I think this will fail on a GNU/Linux 2.6 system with
/proc/sys/vm/overcommit_memory set to 2, or any other system that
behaves as Linux with overcommit to 2. (Meaning, it actually reserves
place from the swap+ram pool, so that any mmapped/sbrk'd memory can
actually be used. It permits the kernel to guarantee that even if all
programs actually use all the memory they allocate, it will be able to
serve them - albeit slowly (swap use)).
In particular, the addressing space of a 64 bit machine is, well... 64
bits, by definition. For 4kiB = 2^12 B pages, one thus needs a table
of size 2^(64-12) = 2^52 bytes, that is 4 EB. That is, on any machine
with less than that of memory (and overcommit to 2), the program will
not run. Even at one bit (and not byte) per page, that is still
16PB...
Big pages don't get you out of the problem. 4MB pages only buy you a
factor 1024, that is 4PB and 16GB.
--
Lionel
> In particular, the addressing space of a 64 bit machine is, well... 64
> bits, by definition. For 4kiB = 2^12 B pages, one thus needs a table
> of size 2^(64-12) = 2^52 bytes, that is 4 EB. That is, on any machine
> with less than that of memory (and overcommit to 2), the program will
> not run. Even at one bit (and not byte) per page, that is still
> 16PB...
> Big pages don't get you out of the problem. 4MB pages only buy you a
> factor 1024, that is 4PB and 16GB.
I got my prefixes all wrong... It is 4PiB, 16TiB, 4TiB and 16GiB...
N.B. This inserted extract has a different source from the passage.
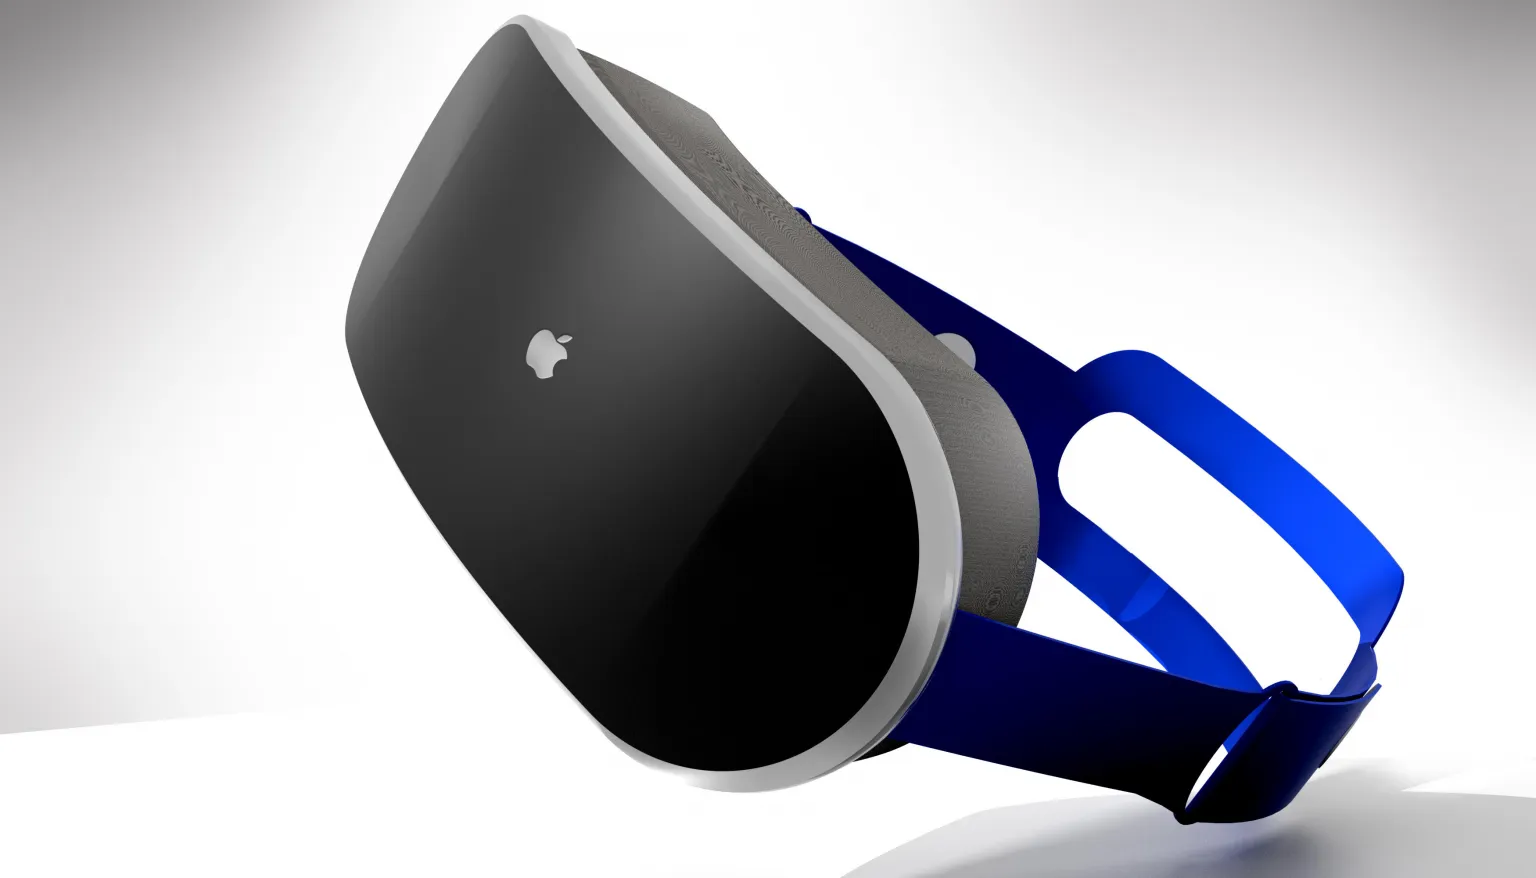 Анонс гарнитуры Apple AR/VR может быть перенесён из-за проблем программного обеспечения

>> How about allocating this array of bytes via mmap and then leave it
>> uninitialized (relying on POSIX's guarantee that it's already
>> initialized to zeros)?
>> This way you can easily have a 4GB "dense" table which doesn't use much
>> RAM since most of the 4GB will be mapped (via copy-on-write) to the same
>> "zero page".
> Even on a system like linux, which optimistically allocates memory
> (i.e. the actually underlying memory isn't allocated until you
> actually touch it), once you read the page, it has to actually exist
> in memory.
This may not be a problem (but only people that know the system
intimately will *know*), it is plausible that the ocaml runtime system
would not read any entry in the table corresponding to a page that is
not allocated. Or maybe not.
--
Lionel
It exists in memory: it's the zero page (a page that contains all zero
bytes). And it's the same physical (RAM) page used for all pages that
have been allocated but not yet written. So as long as you don't write
to it, it shouldn't use any RAM space.
Of course, it may cost in swap use (depending on optimistic allocation
and the use of MAP_NORESERVE), and it will cost in kernel memory because
the kernel has to maintain the process's page table.
But it seems like a good quick fix, which preserves the advantages of
a dense array of bytes (i.e. fast and simple lookup, compact
representation using less cache space, ...).